Comment 20 for bug 495880

Revision history for this message
Misaki (myjunkmail311006) wrote :

Along with the command-line version of unzip with the -O option, you can also use the convmv command to change filenames of previously extracted files. This works on an ext3 filesystem, but NTFS may give an error because filenames are invalid. ext3 says the encoding is invalid but still lets them be renamed to that.

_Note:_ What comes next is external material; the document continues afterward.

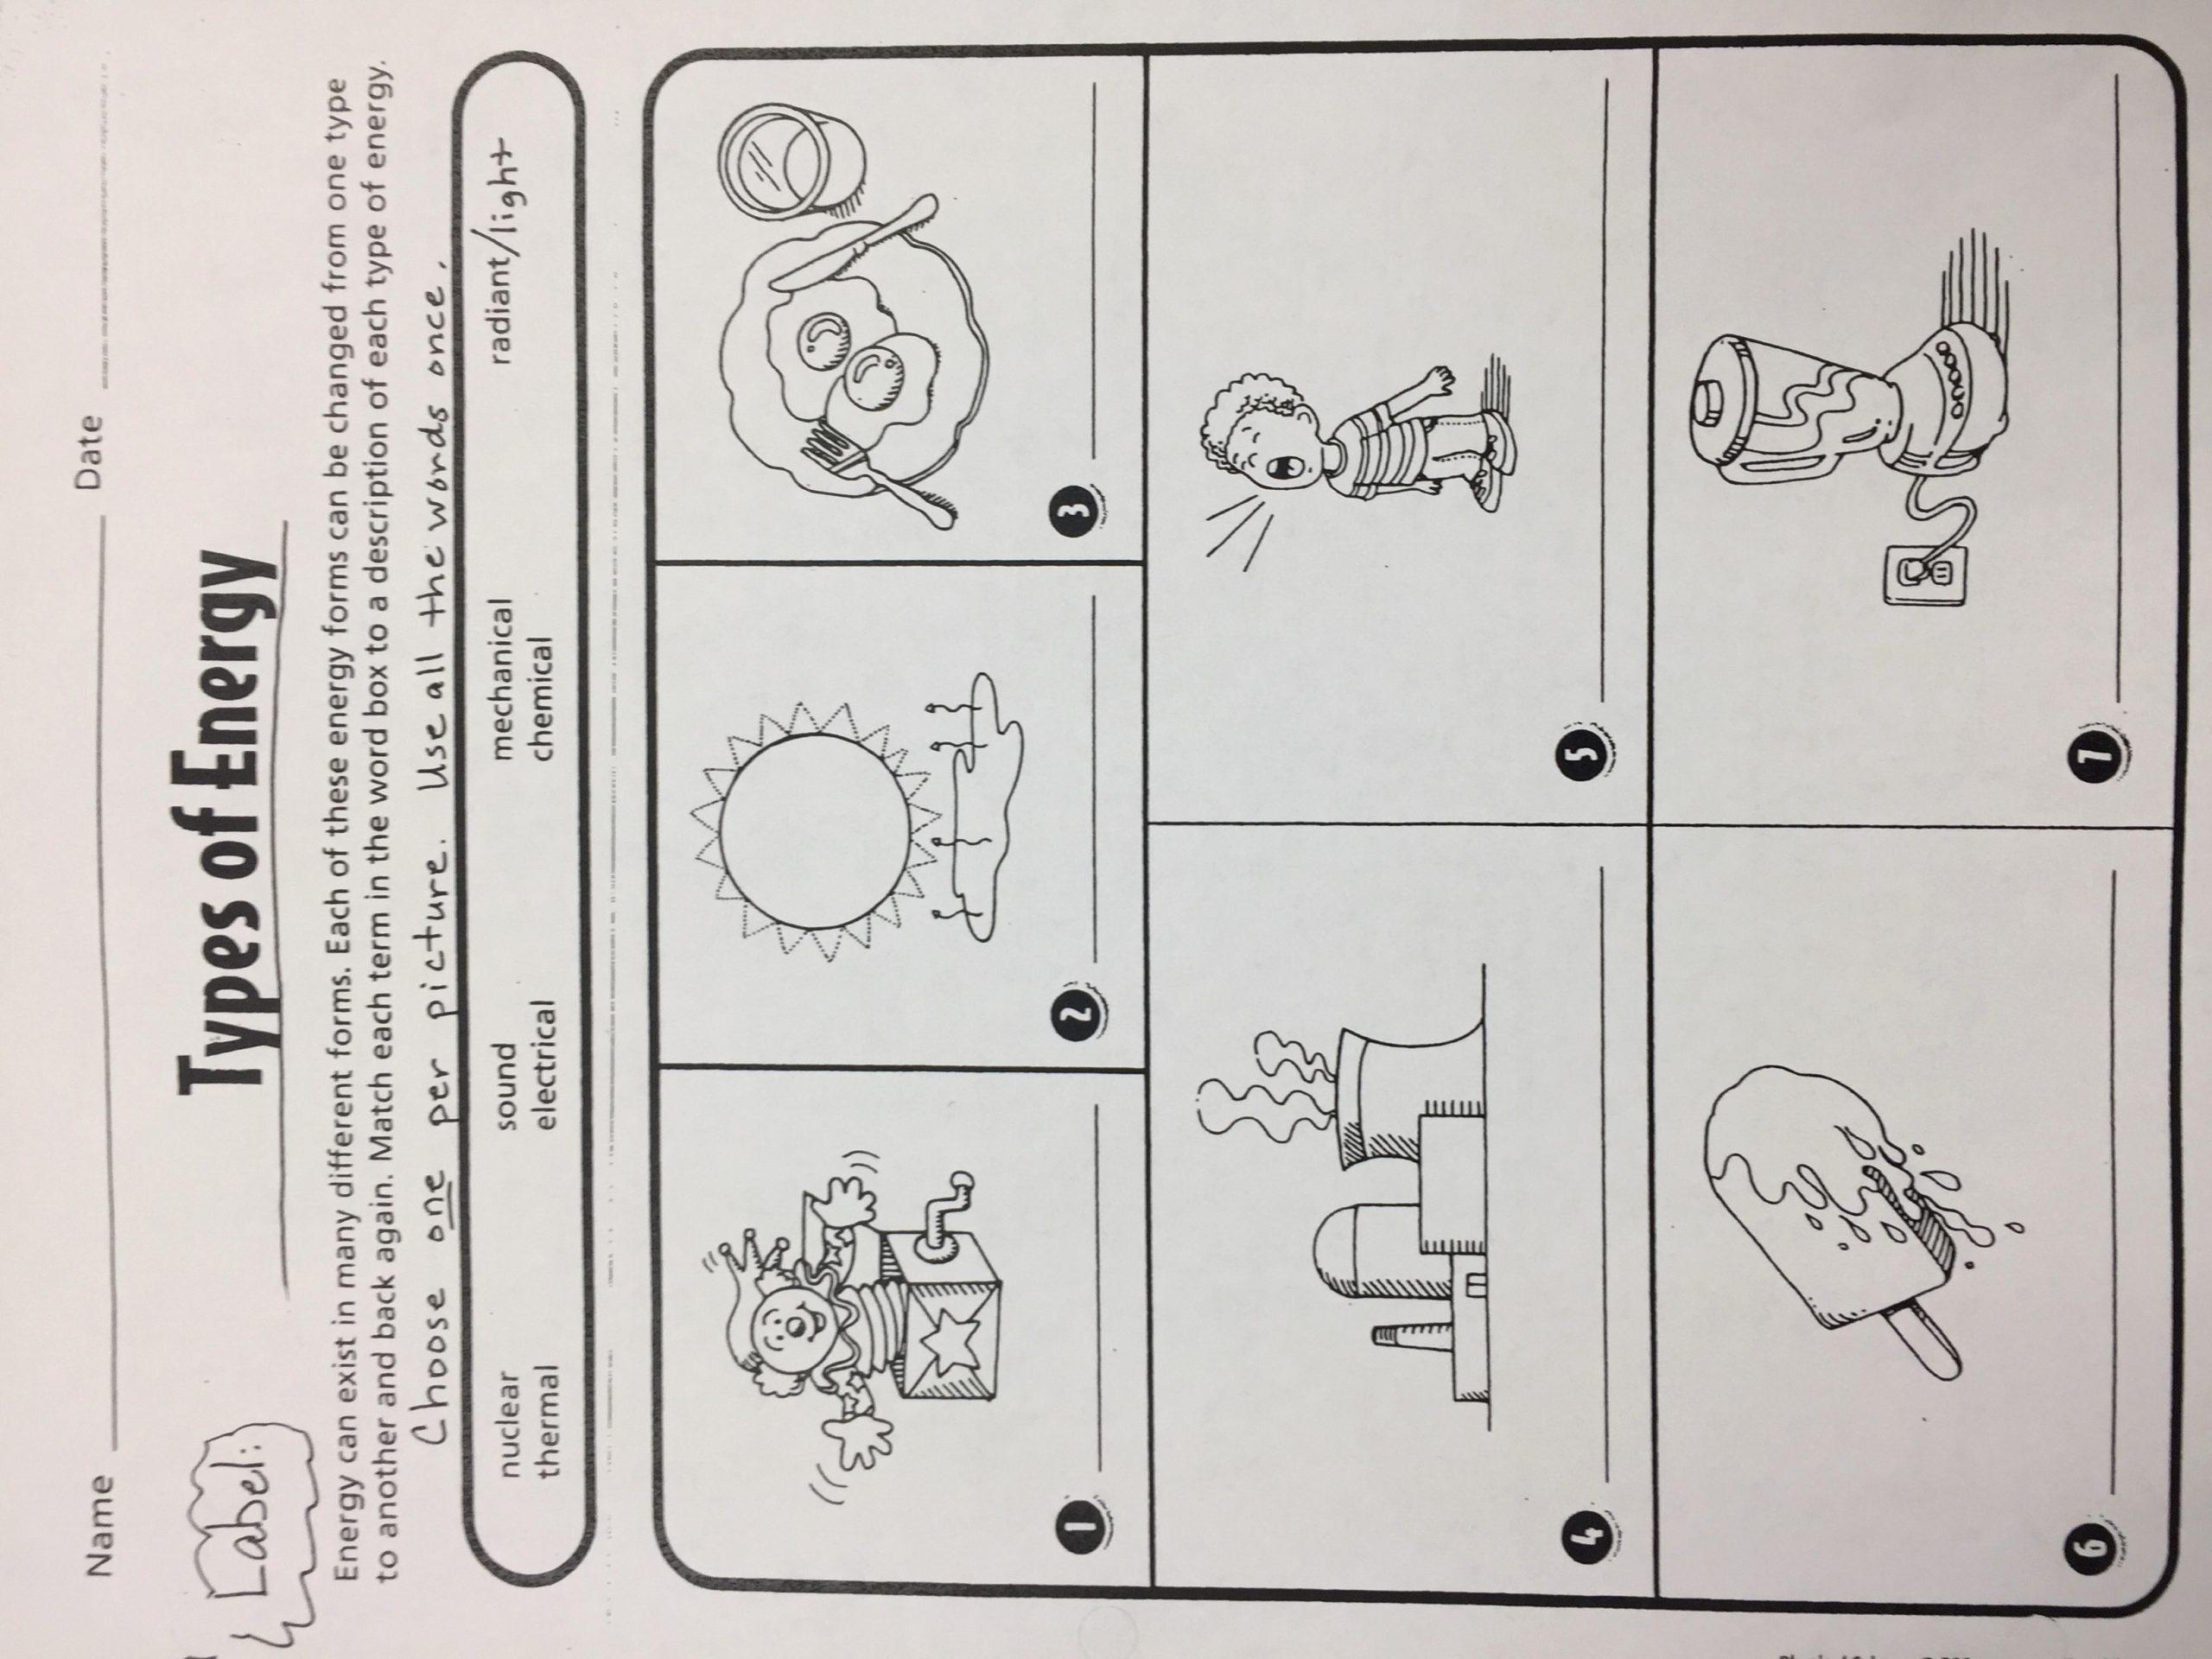 Energy Worksheets Middle School Pdf Inspirational forms Energy Worksheet Worksheet List

So for anyone who encounters this bug report and is concerned specifically with extracting filenames from shift-jis encoded archives, these are the commands you can use:

(navigate to directory, and...)
unzip -O shift-jis <filename>
or
convmv * -f utf8 -t iso8859-1 -r
convmv * -f utf8 -t iso8859-1 --notest -r ; convmv -f shift-jis -t utf8 * --notest -r

One of the other bug reports links to this, which lists solutions and problems:
https://bugs.debian.org/cgi-bin/bugreport.cgi?bug=483290

One consideration might be if files in the same archive use different encoding types. It seems reasonable that they appeared that way to the archive's creator, and thus they shouldn't be interpreted separately, but it could lead to the wrong conversion method being selected.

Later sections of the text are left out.